A caçadora parou por uns instantes. Quer dizer que eles tinham pegado um ladrão. Isso poderia ser útil de alguma forma.

-Vou deixar que você faça a escolha: – disse a elfa – ou nós te entregamos ao primeiro guarda que encontrarmos, ou você passa a nos acompanhar em nossa viagem.

Loregan, que até então estava quieto, perguntou repentinamente da janela:

-O que é aquilo lá fora?

A Queda dos Deuses Antigos #2 – Na Cabana – Ano da Queda, Yyrm


As luzes continuaram por um bom tempo. Loregan nunca tinha visto algo do tipo em toda a sua vida, nem mesmo nas histórias de seu pai. Pensando nisso, o jovem aventureiro começa a se preocupar com o velho cavaleiro. Mesmo tendo sido treinado para combate na sua juventude, Sir Loregan já estava idoso demais para agüentar uma batalha prolongada.

Enquanto estava perdido em seus pensamentos, a elfa entra na cabana carregando alguns coelhos no braço. Fazia apenas alguns minutos que os dois tinham decidido procurar algum lugar para passarem a noite. Não tinha levado muito tempo para que encontrassem o velho casebre na beira da estrada. Apesar de o lugar parecer ter sido abandonado há pouco tempo, estava relativamente limpo e arrumado.

-Uau! Você é realmente boa nisso! – disse Loregan, encantado com a velocidade em que a garota conseguira a caça.

-Eu sou uma caçadora. E o nome é Venathia. – respondeu a elfa corando um pouco com o elogio.

-E o meu é Loregan.

Após um instante de silêncio, os dois começaram a preparar a refeição, sem dizer nenhuma palavra um para o outro. Os clarões ainda iluminavam o céu de vez em quando, mas, para eles, esse era um assunto que não importava no momento.

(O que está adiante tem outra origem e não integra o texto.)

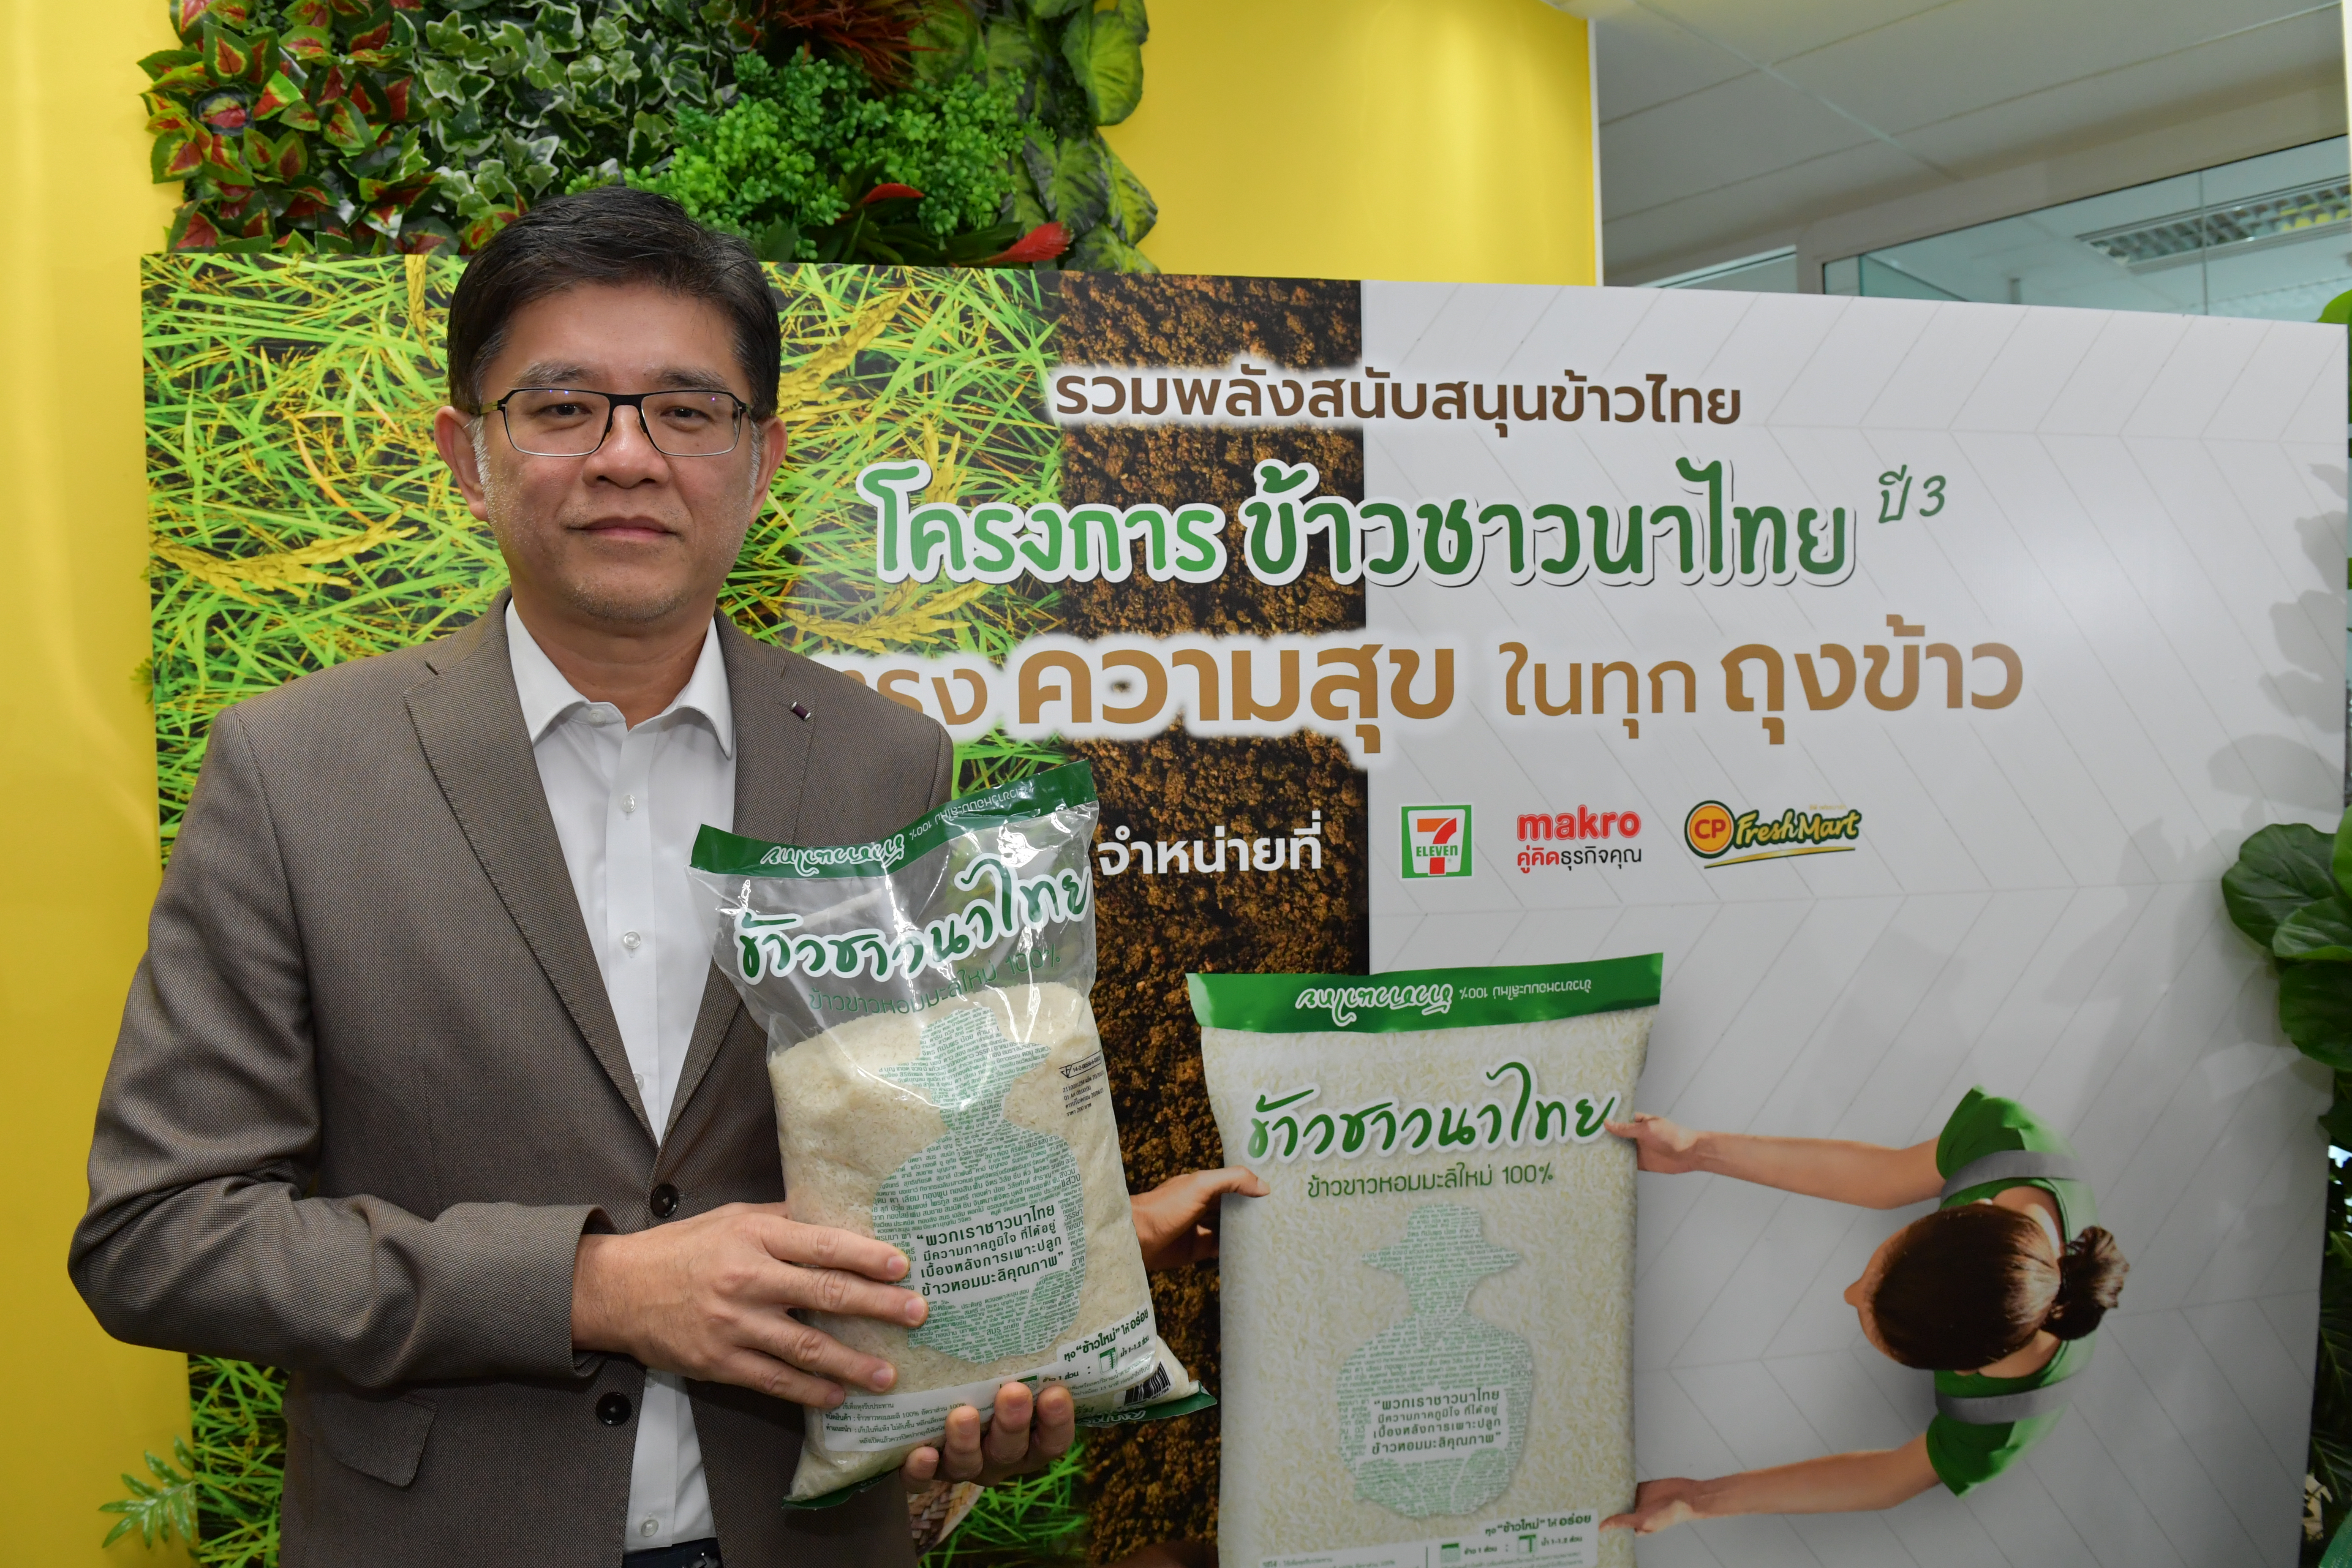 "ตราฉัตร" ผนึกกำลังพันธมิตรเครือเจริญโภคภัณฑ์ ขับเคลื่อน “ข้าวชาวนาไทย” ปี 3 ช่วยเกษตรกรขายข้าว

A Queda dos Deuses Antigos #1 – Fogos no Céu – Ano da Queda, Yyrm


Não fazia muito tempo que Loregan Vien’ac II tinha saído de casa. Sua vida de aventuras estava apenas começando e até agora não tinha passado por nenhum perigo real, excluindo-se um taverneiro enfurecido, a quem havia “acidentalmente” esquecido de pagar uns trocados.

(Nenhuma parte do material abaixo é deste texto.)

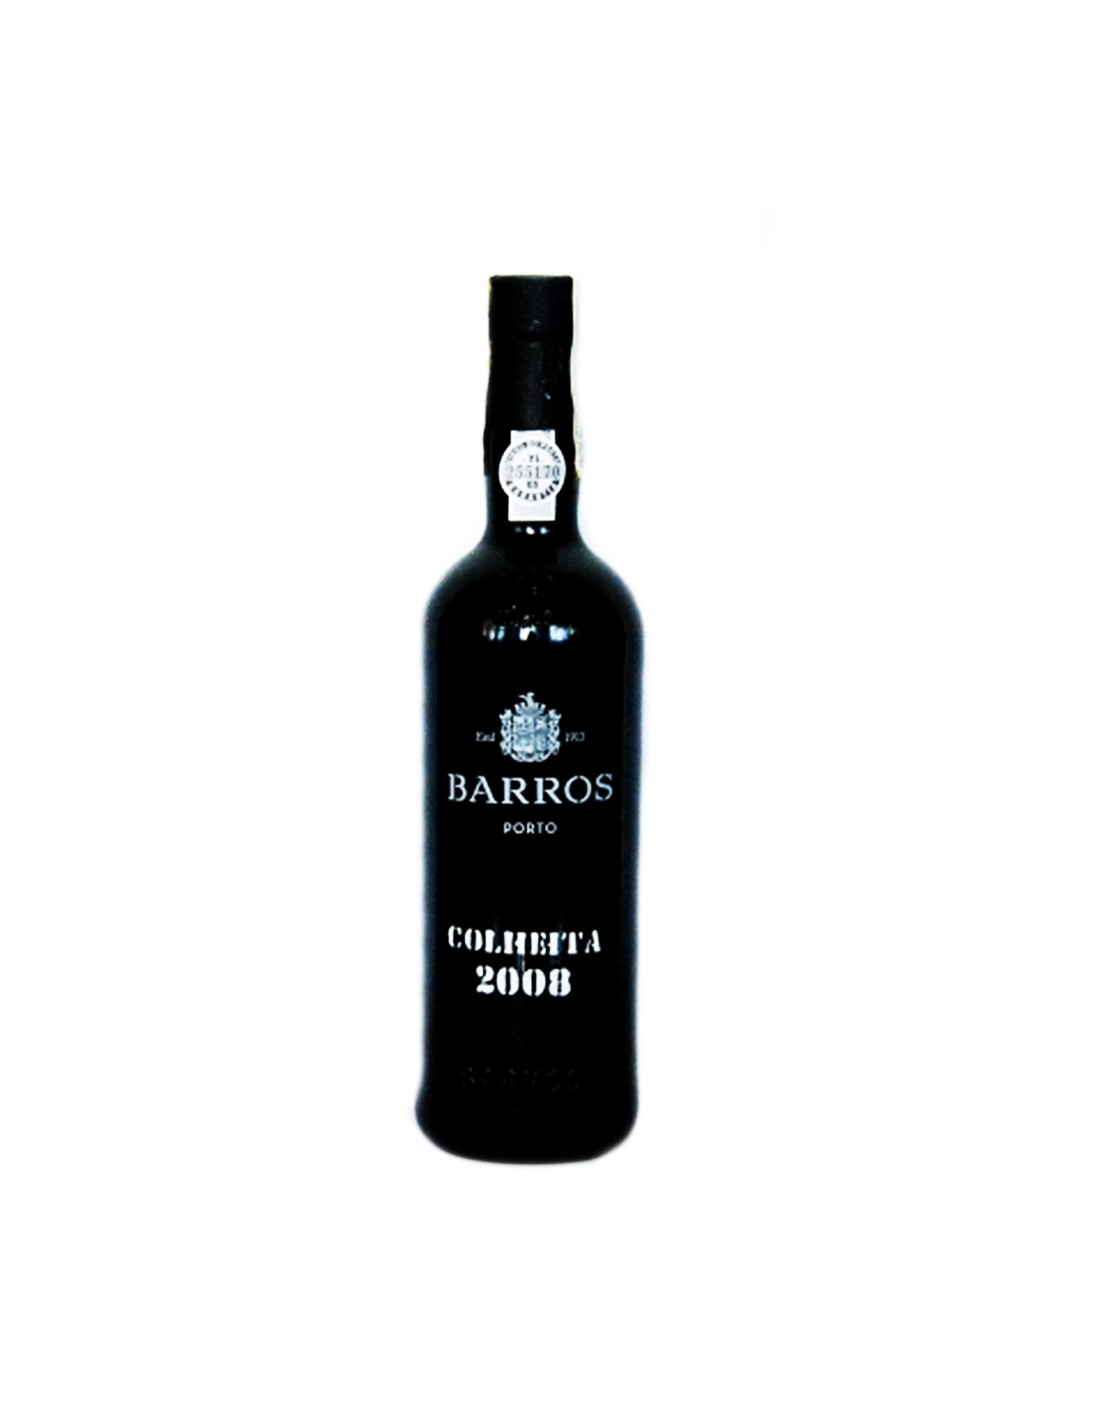 Vin porto roze dulce, Cupaj, Barros Colheita 2008, 20% alc., 0.75L, Portugalia alcooldiscount.ro

Sua espada velha que ganhara antes de partir e as roupas surradas eram as únicas coisas que levara de casa. O pai era o único que possuía o mesmo sangue nas veias que Loregan. Sir Loregan era um nobre cavaleiro a serviço do Regente de Yyrm, mas acabou se endividando até perder tudo o que conseguira. Tudo o que restara de sua antiga fortuna foi o que usou para sustentar-se junto ao filho e comprar-lhe uma espada usada.

Os cabelos castanhos de Loregan balançavam ao vento calmo da tarde de outono. Os últimos três dias tinham se resumido a fugas de estalagens e perseguições a coelhos velhos. O meio-elfo pensava consigo mesmo que de todas as histórias que ouvira do pai sobre suas aventuras, nenhuma chegava a ter ao menos um dia sem perigos e batalhas.

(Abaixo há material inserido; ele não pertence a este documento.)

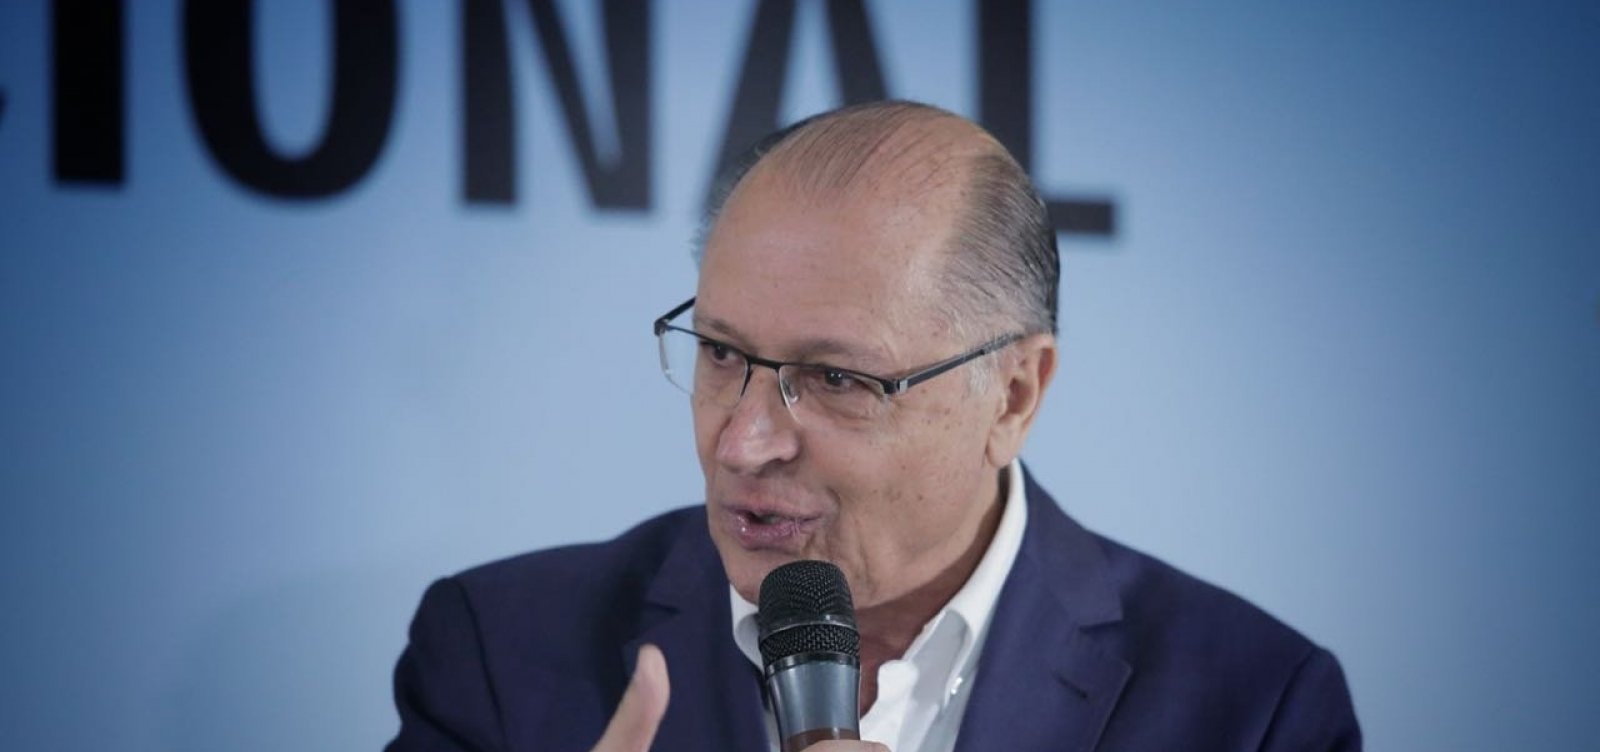 Alckmin muda de posição e defende voto útil
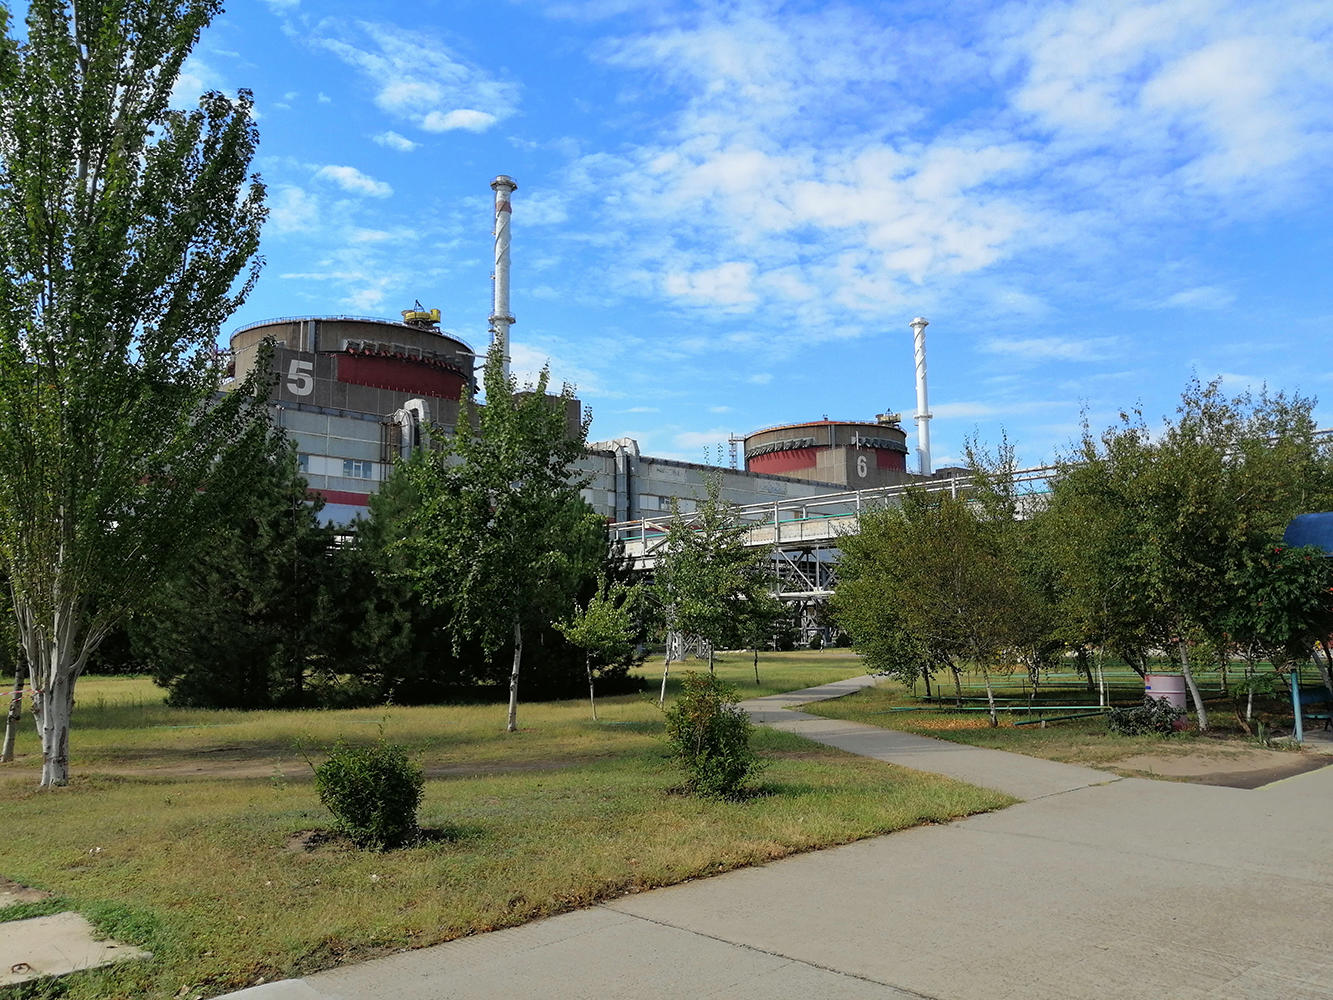 Запорожскую АЭС посетил глава МАГАТЭ: фото станции изнутри

Os sons que a barriga do jovem aventureiro emitia pareciam os de um dragão e não fazia nem meia hora que havia comido um peixe. A cidade estava a menos de 500 metros dali, mas Loregan estava cansado demais para correr de outro comerciante.
Uma jovem e bela elfa passava na estrada na base da colina em direção à cidade. Loregan ainda era jovem e fazia tempo que não se divertia com nenhuma garota. Já tinha pegado sua mochila e se levantava para conversar com a moça quando um forte clarão iluminou toda a região.

Se recuperando do susto inicial, o meio-elfo olhou rapidamente ao redor em busca da origem de tal luz. Ainda tentando encontrar a fonte, um segundo clarão o cegou por alguns instantes. Sem ver nada, Loregan foi puxado por algo ou alguém colina abaixo.
Pouco depois estava encostado no tronco de uma alta castanheira ao lado da elfa que vira a pouco na estrada. Ela parecia atenta e nervosa, e ficava olhando para os lados com os olhos se movendo rapidamente.

-O que está acontecendo? – perguntou Loregan enquanto mais um clarão iluminava o céu.

A jovem apenas fez um sinal para que se calasse e continuou observando as estranhas luzes que, agora se percebia, vinham do céu.